あごに手を当てて考えていた国王陛下がお父様の方を見た。
「マクシミリアン、マーガレットが持っていたとされる魔法薬の本はすでにユリウスに継承されているのではないか?」
「……ええ、その通りです。母上から直接、私に手渡されました。これをユリウスに渡してくれと」
お父様がしぶしぶ答えた。この部屋は機密性が高い。それに国王陛下の問いにウソをつくわけにもいかなかったのだろう。お父様としてはまだそのことを内緒にしておきたかったようである。

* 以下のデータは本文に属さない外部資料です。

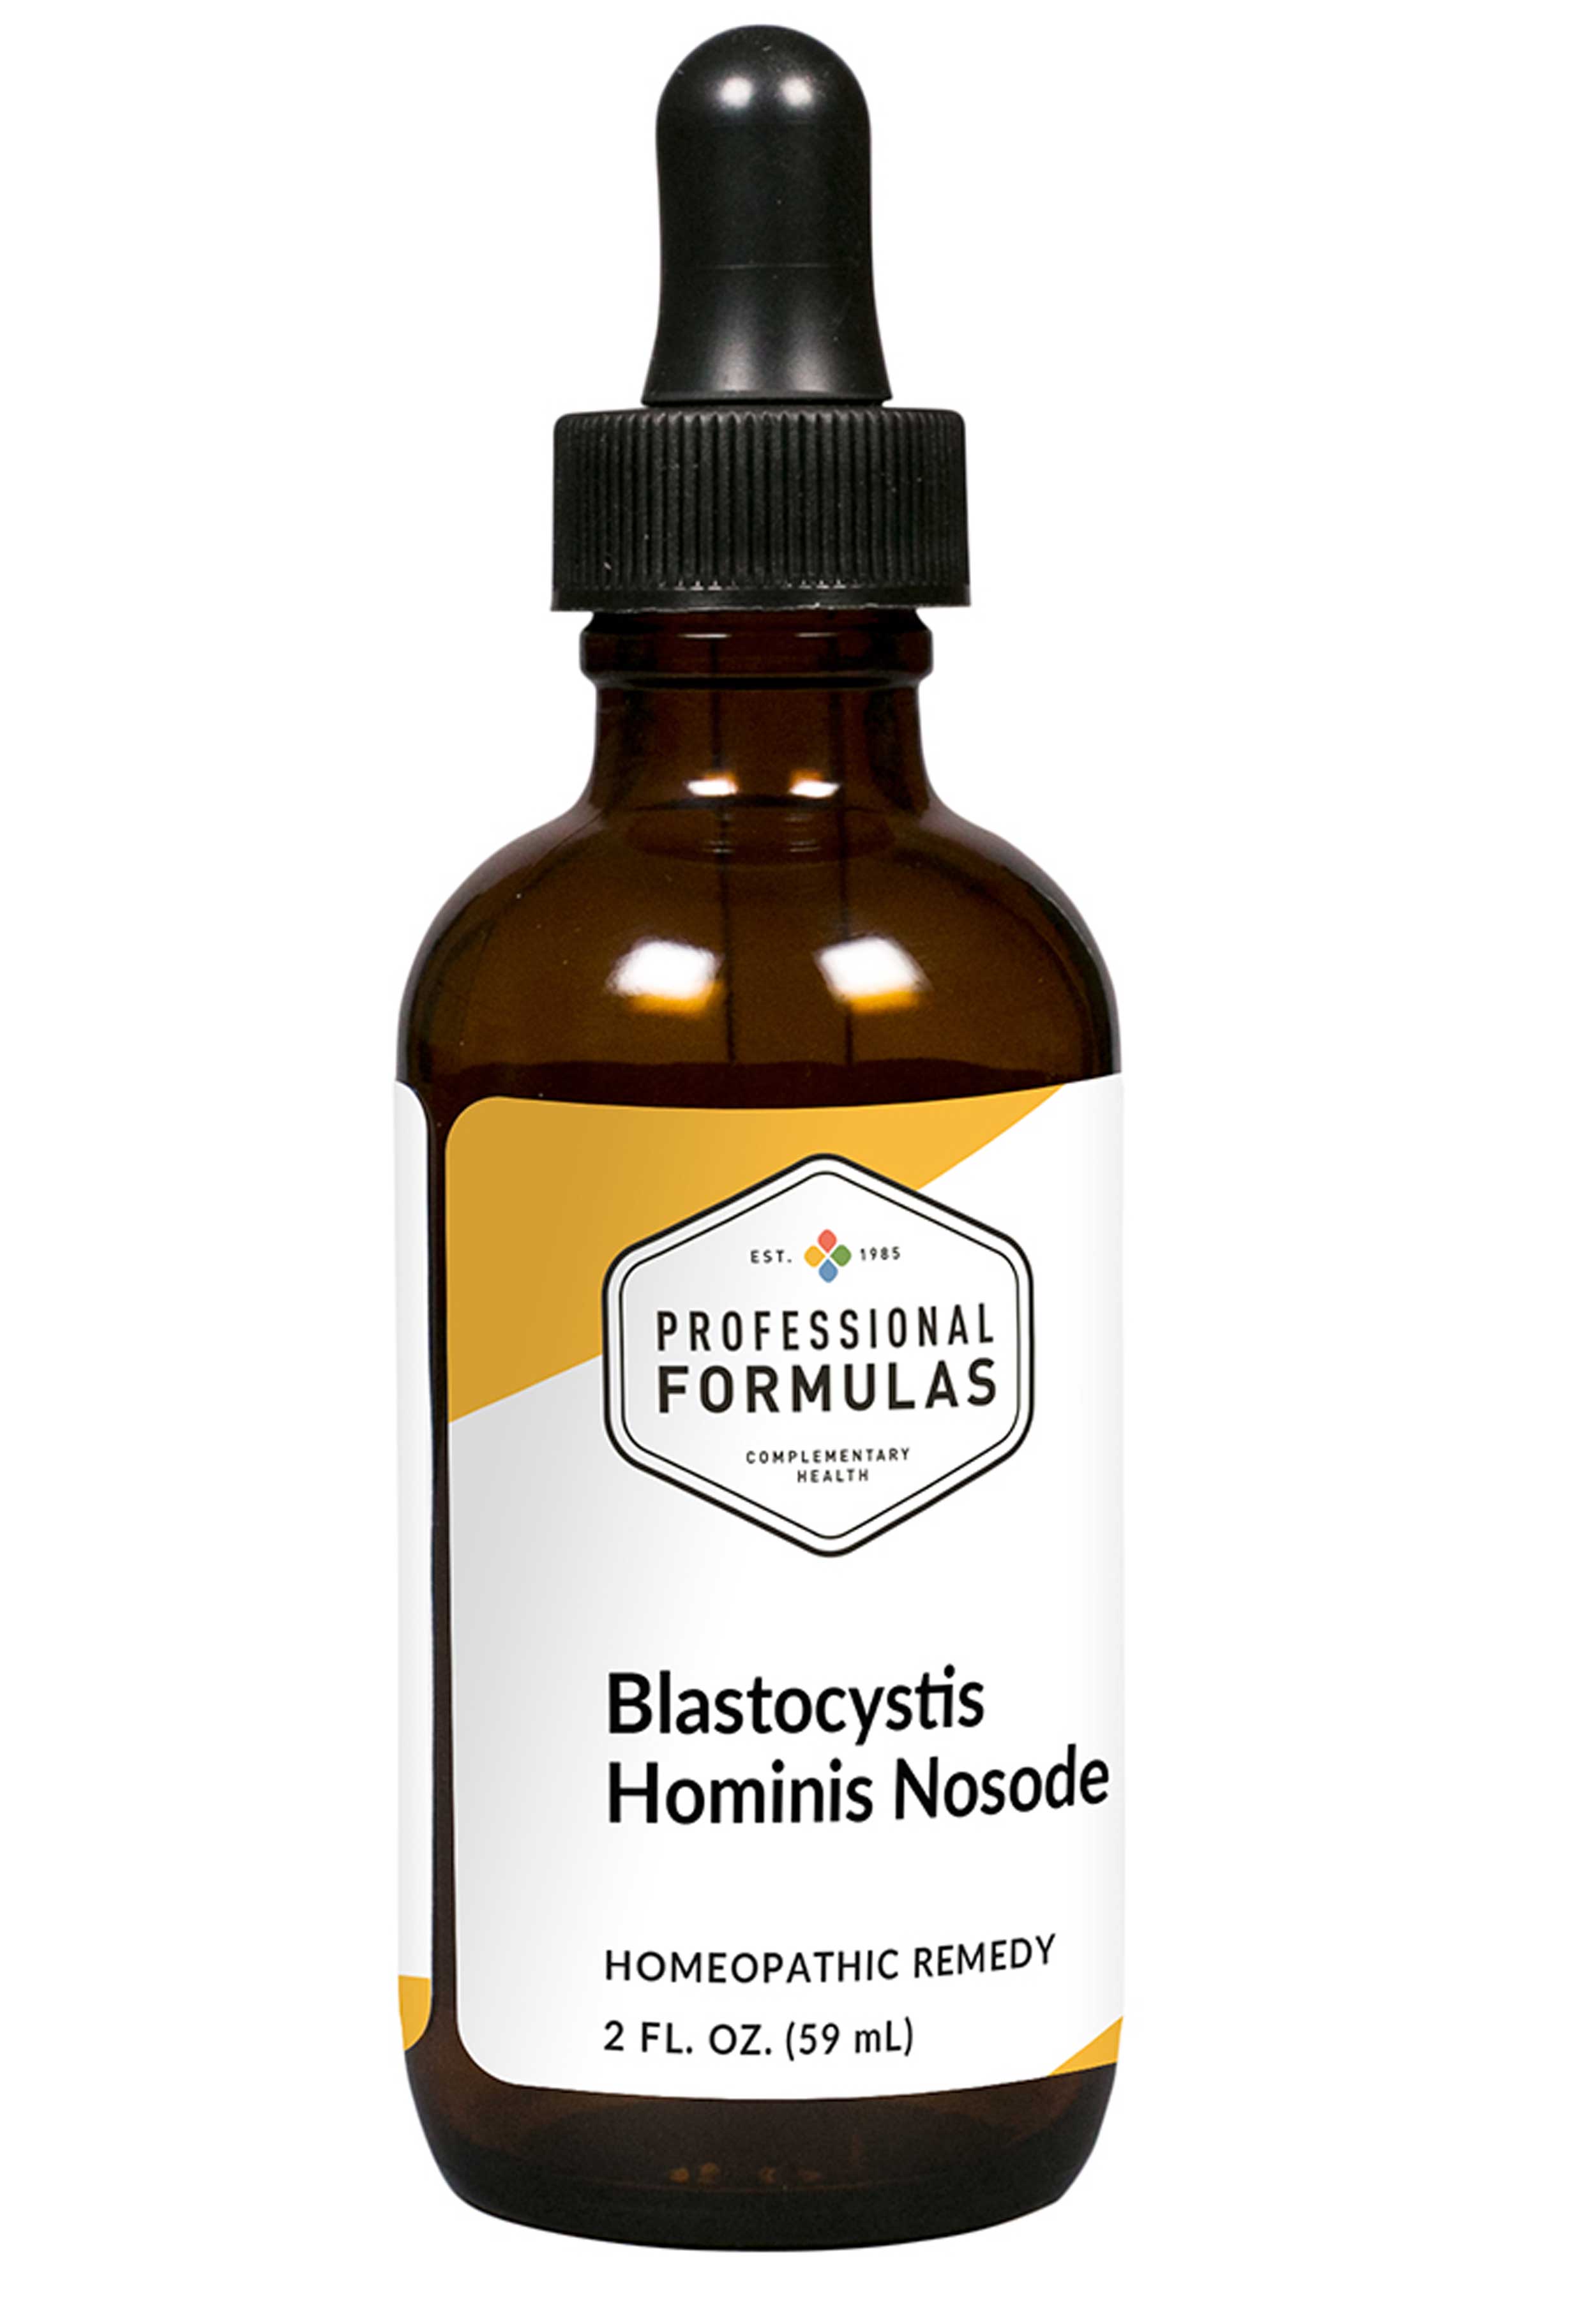 Professional Formulas Blastocystis Hominis Nosode

「やはりそうか。心配はいらん。このことはここだけの秘密にしておく。宰相も良いな?」
「はい。もちろんです」
俺とお父様はそろって頭を下げた。これでしばらくの間は大きな騒ぎになることはなくなったかな? 俺が本を持っているとなると、それを狙ってくる輩がいるだろうからね。何せこの本があれば、高位魔法薬師であるお婆様のお墨付きが得られるのだから。
今現在、魔法薬ギルドで権力争いをしている人たちからすれば、欲しくてたまらない逸品だろう。
「国王陛下にお渡ししたいものがあるのですが」
「何かな?」
俺は一枚の紙を使用人に渡した。使用人がそれを確認すると国王陛下に手渡した。中身を見た国王陛下の目が大きく見開かれた。

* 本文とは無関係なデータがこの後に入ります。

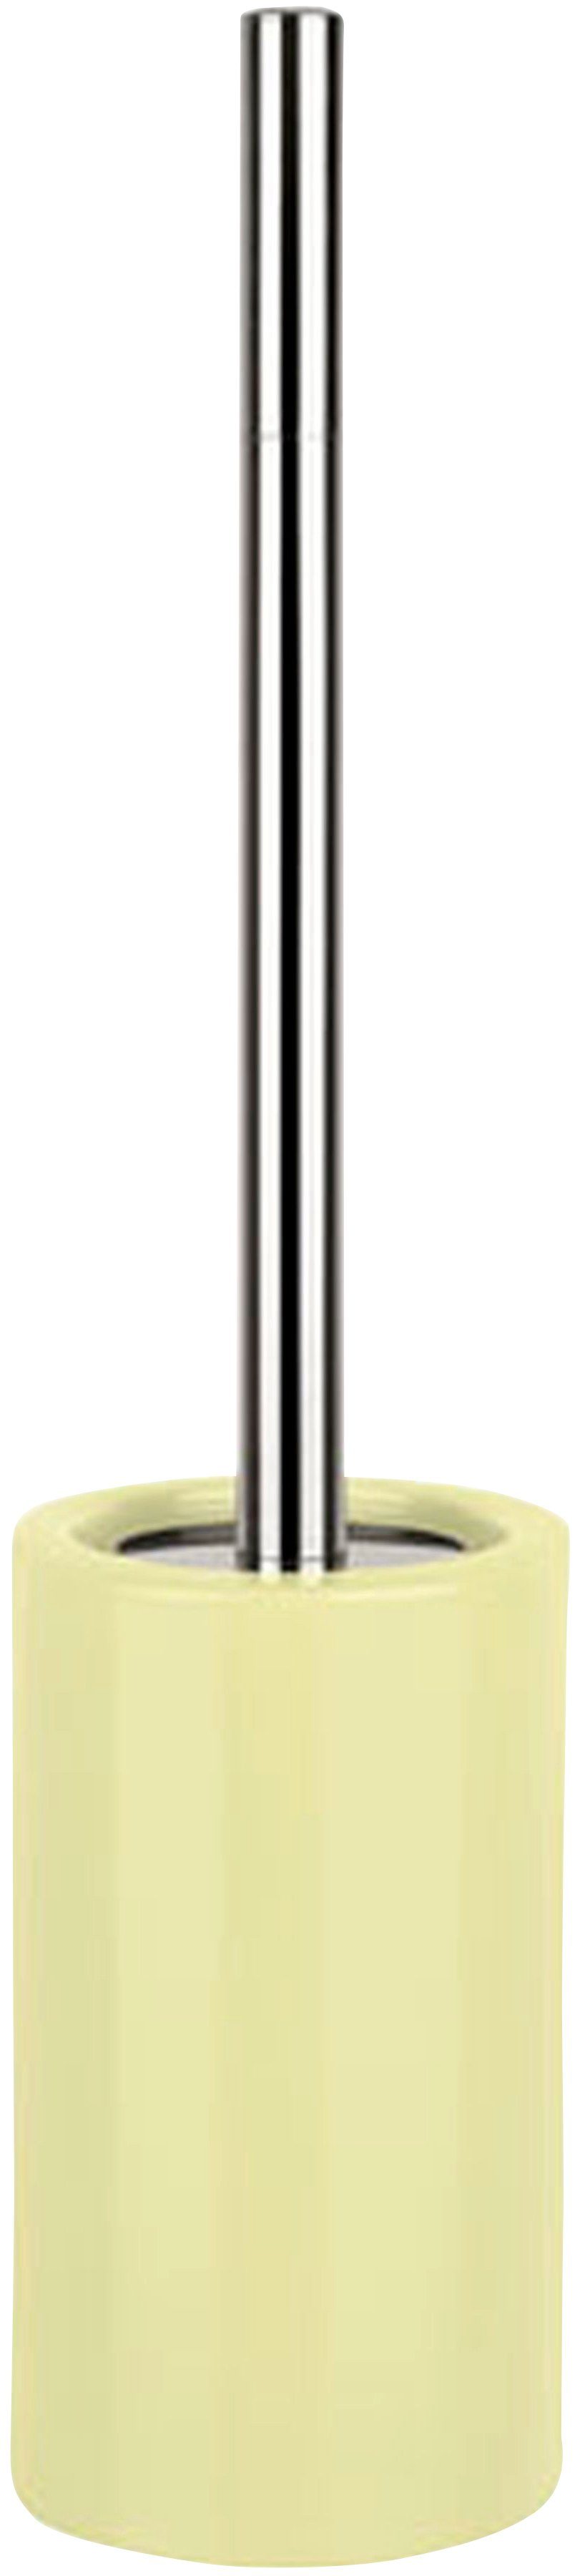 spirella WC-Garnitur TUBE, ist WC-Bürste gelb auswechselbar

「これは……万能薬の作り方か? 良いのか、こんな貴重なものをもらっても」
「構いません。素材がどれも貴重で、私の力では次の万能薬が完成するのがいつになるか分かりません。それならば、王家の魔法薬師に作ってもらった方が良いと考えました」
「ふうむ」
そう言って国王陛下が考え込んだ。隣に座っている宰相もまさか万能薬の作り方を渡されるとは思っていなかったらしく、口が開きっぱなしになっていた。